See All: Food Preservation
Preserve Your Harvest For 25+ Years…
Preserve your home grown produce, create the perfect emergency food supply, make camping meals and healthy snacks. Unlike other methods of food preservation, freeze drying does not shrink or toughen food. It retains flavor, color, locks in nutrition, and allows you to preserve your home grown food for as long as 25+ years. Find out more here…
Learn How To Freeze Dry Like A Pro!
“I’ve just started growing my own veggies and fruits and this year I had a bumper crop of tomatoes and apples. I’m looking to store food ahead of time, especially since buying in bulk works better for my family. I’d love to vacuum seal, but have no idea where to start—plus I plan to do a LOT, so I need tips on handling bulk quantities. What should I know about vacuum sealing food long-term, and how do I make sure everything stays fresh? I’m hoping to store things for maybe a year or more without problems.” Thanks, Amanda, Ontario, Canada.

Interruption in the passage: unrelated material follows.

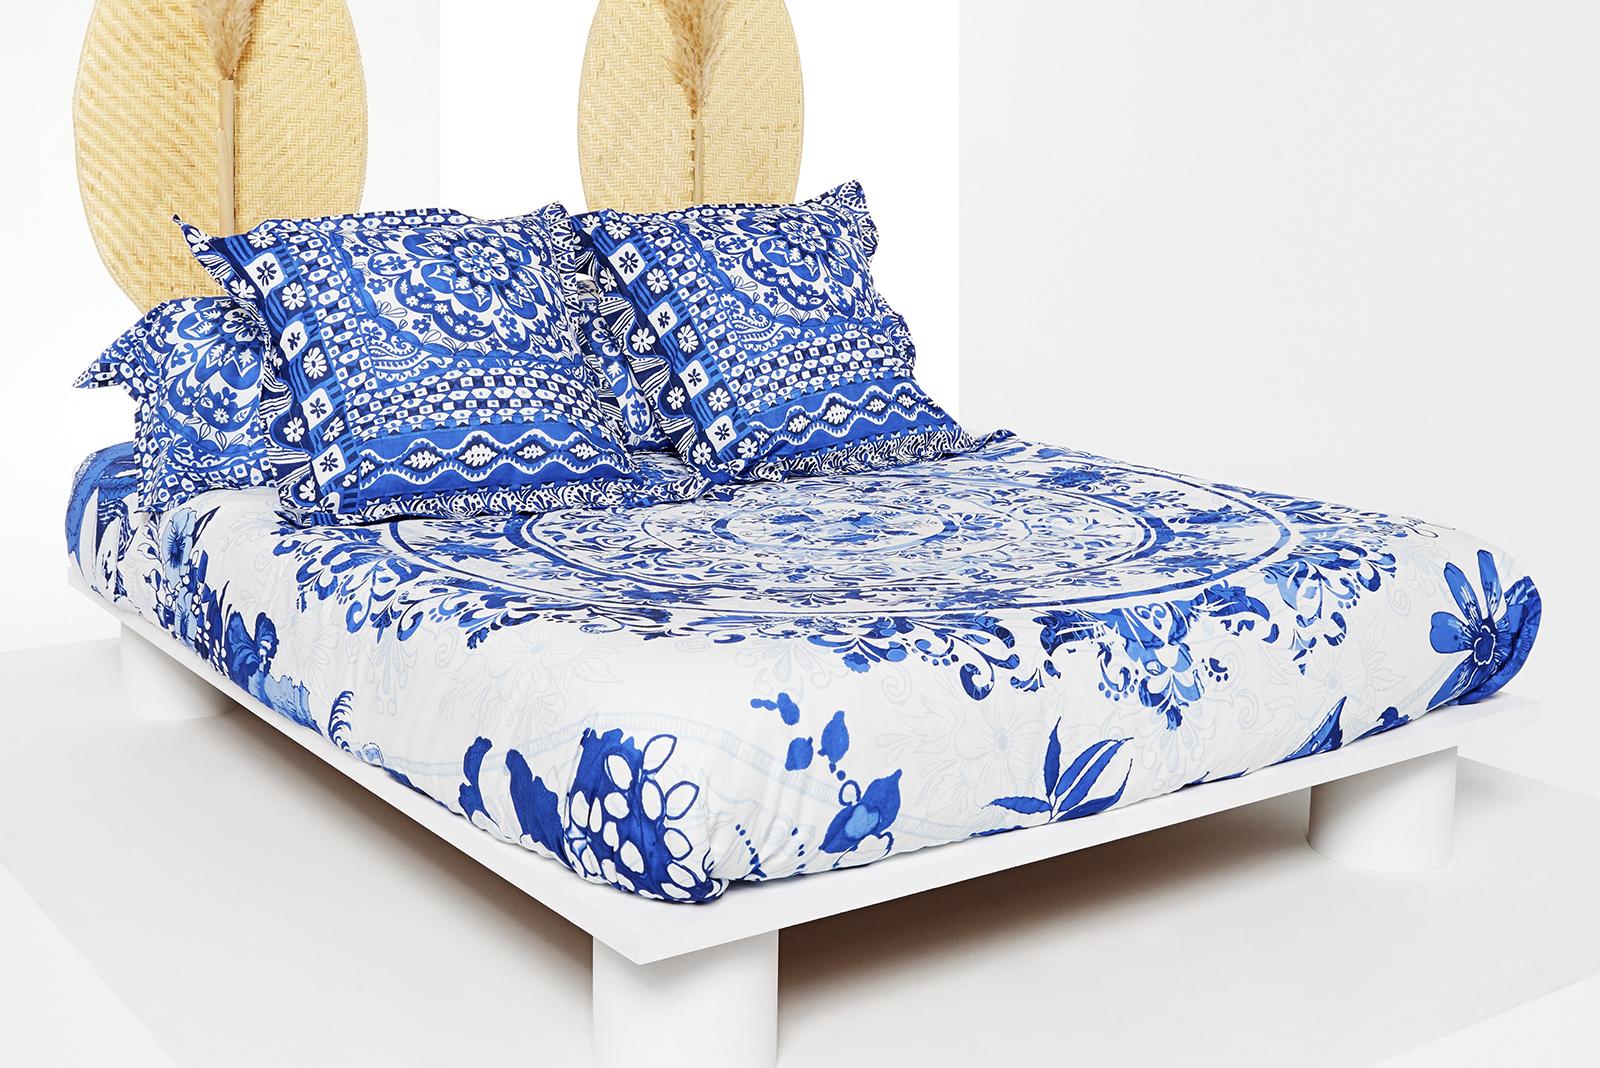 Ropa de cama Desigual modelo vegetal azul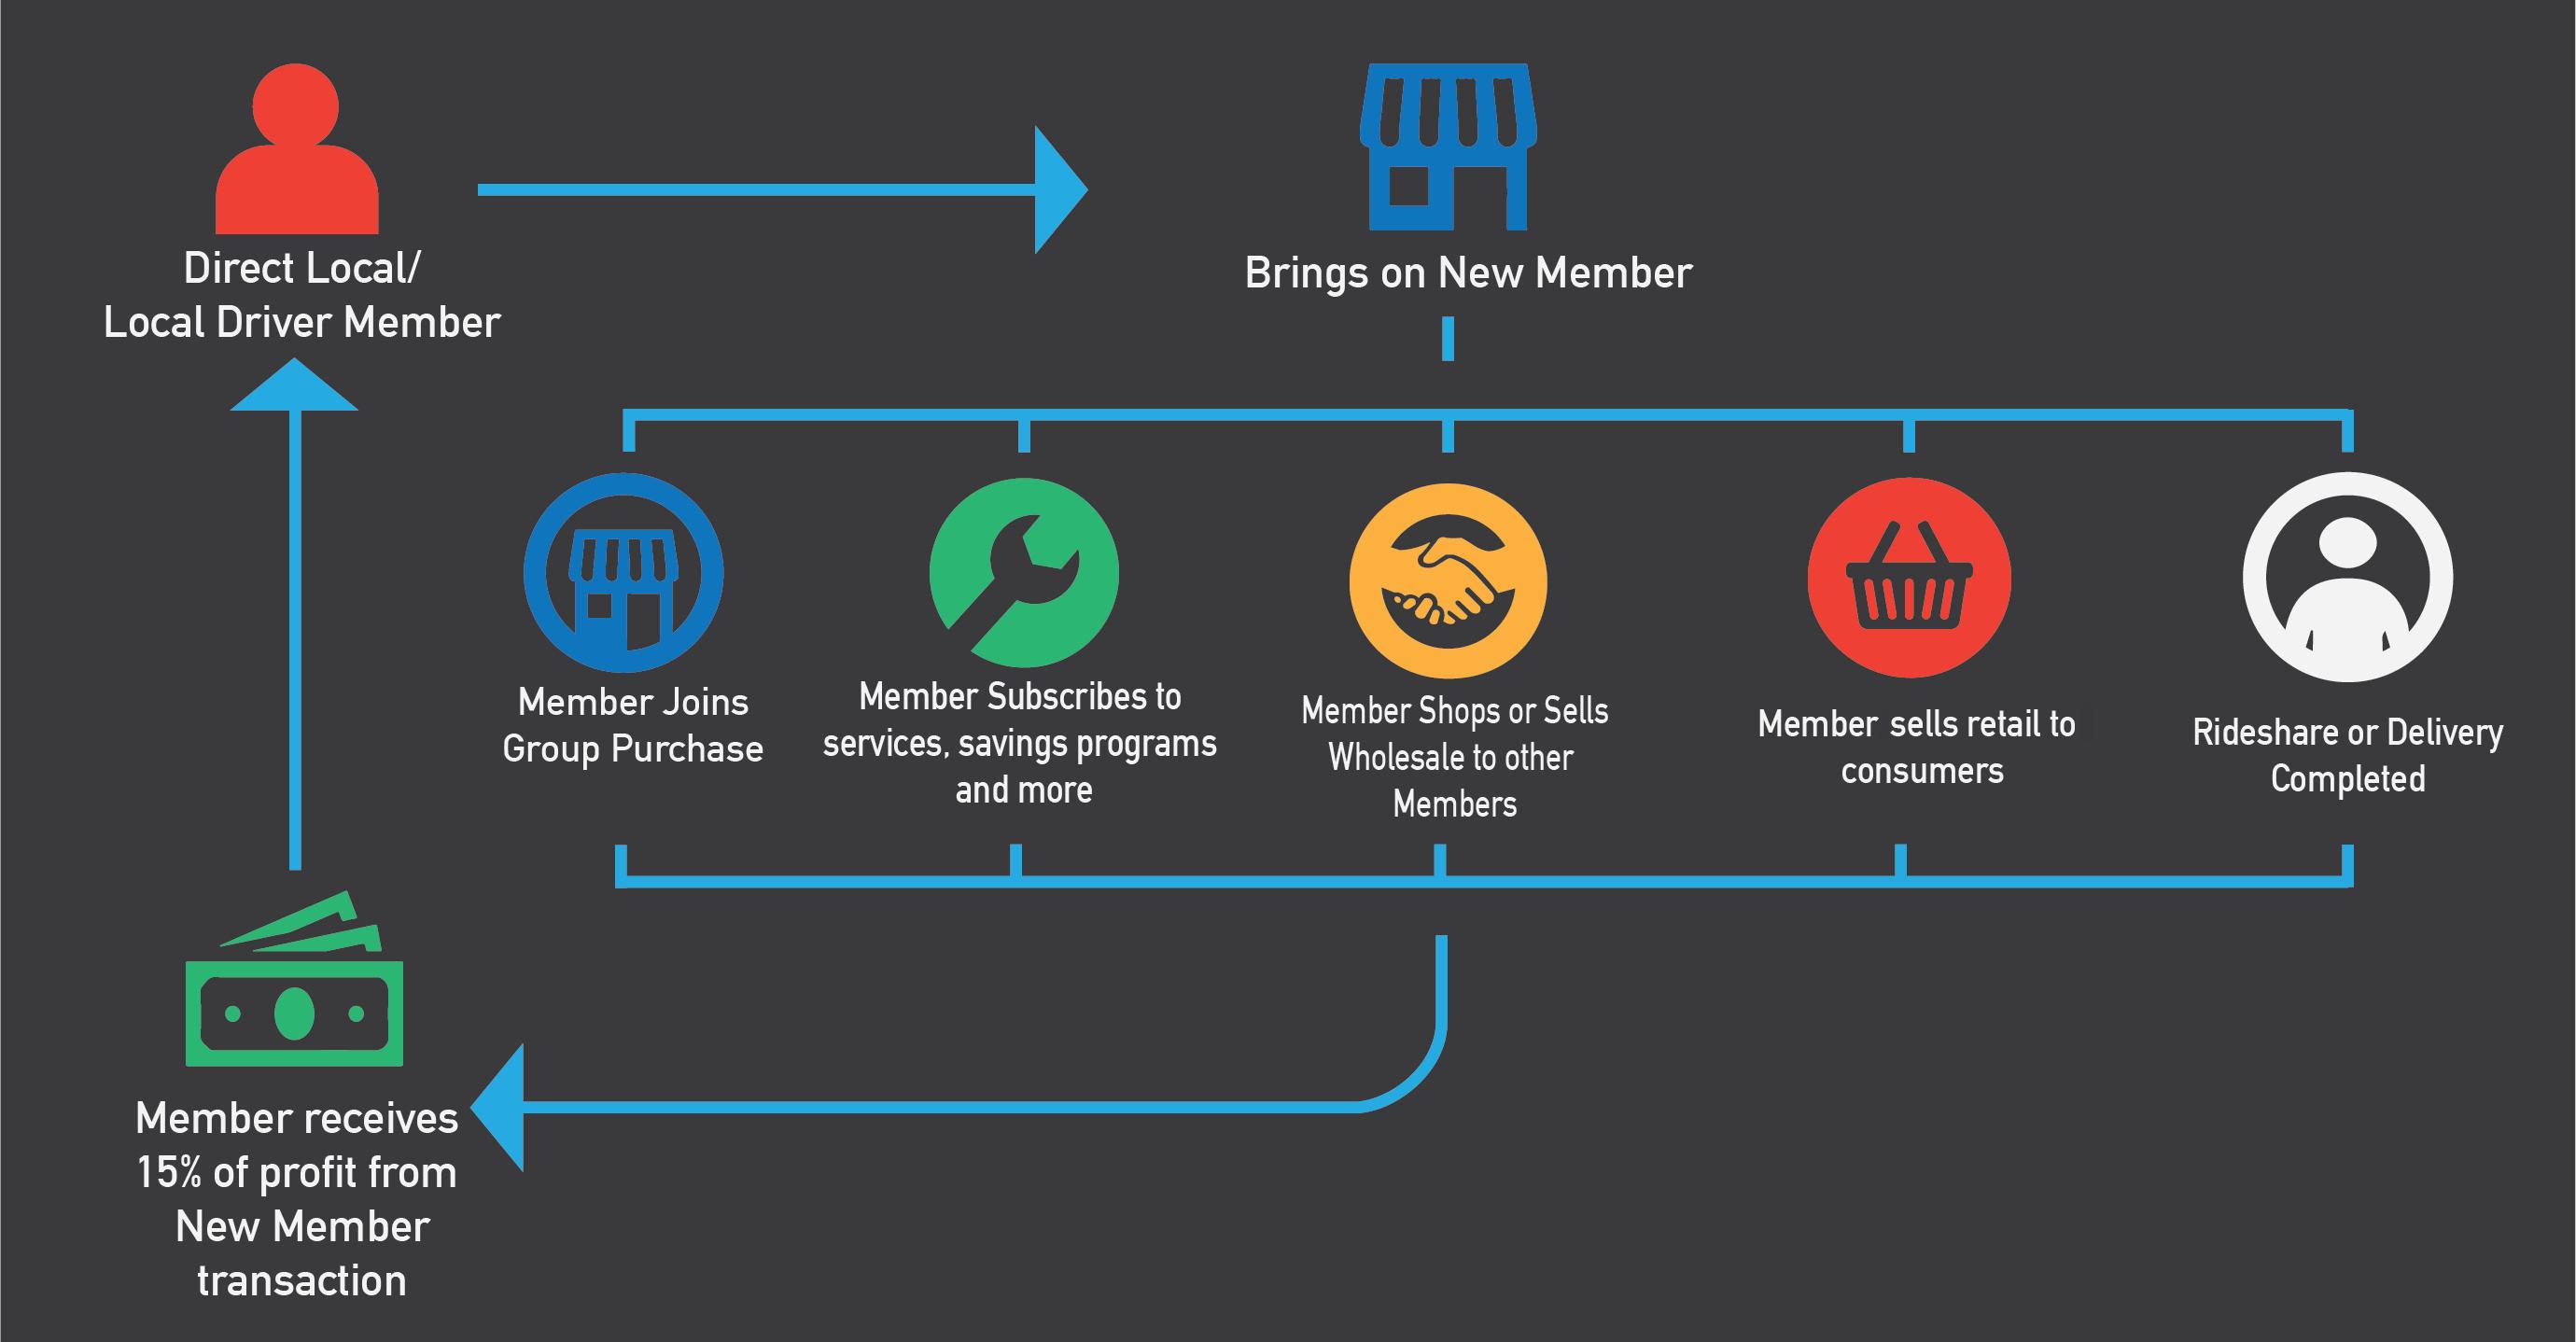 Direct Local/Local Driver Co-op Member Partnership Program

How Do I Vacuum Seal Food In Bulk For Long Term Storage?
Amanda, this is such a fantastic question, and oh boy, do I get where you’re coming from! There’s nothing quite like the satisfaction of storing homegrown produce, especially when it’s a whole lot (and maybe even a little overwhelming!). Vacuum sealing is my go-to method for long-term food storage. When done right, it keeps food fresh for months, or even years, and it’s perfect for bulk storage. Let’s walk through everything you need to know, one step at a time.
Why Vacuum Seal Food In The First Place?
At its core, vacuum sealing removes the air from around your food — and air is one of your food’s biggest enemies! When your food is exposed to oxygen, it can spoil faster due to moisture, mold, bacteria, and even freezer burn in frozen goods. Vacuum sealing zaps that air right out of the bag, keeping both moisture and air away from your precious produce.
Not only that, but vacuum sealing helps protect the flavor and nutrients of your food. And let’s be real — when you spend time growing your own garden goodies, you want them to taste great even months down the road, right?
What Types Of Foods Can You Vacuum Seal?
Good news, Amanda — you can vacuum seal almost everything! From fresh fruits and vegetables to bulk meats and dried goods. Here’s a quick list to give you an idea:
- Fruits & Vegetables: Perfectly ripe apples, tomatoes, berries, and greens (you’ll want to blanch certain veggies though — more on that later).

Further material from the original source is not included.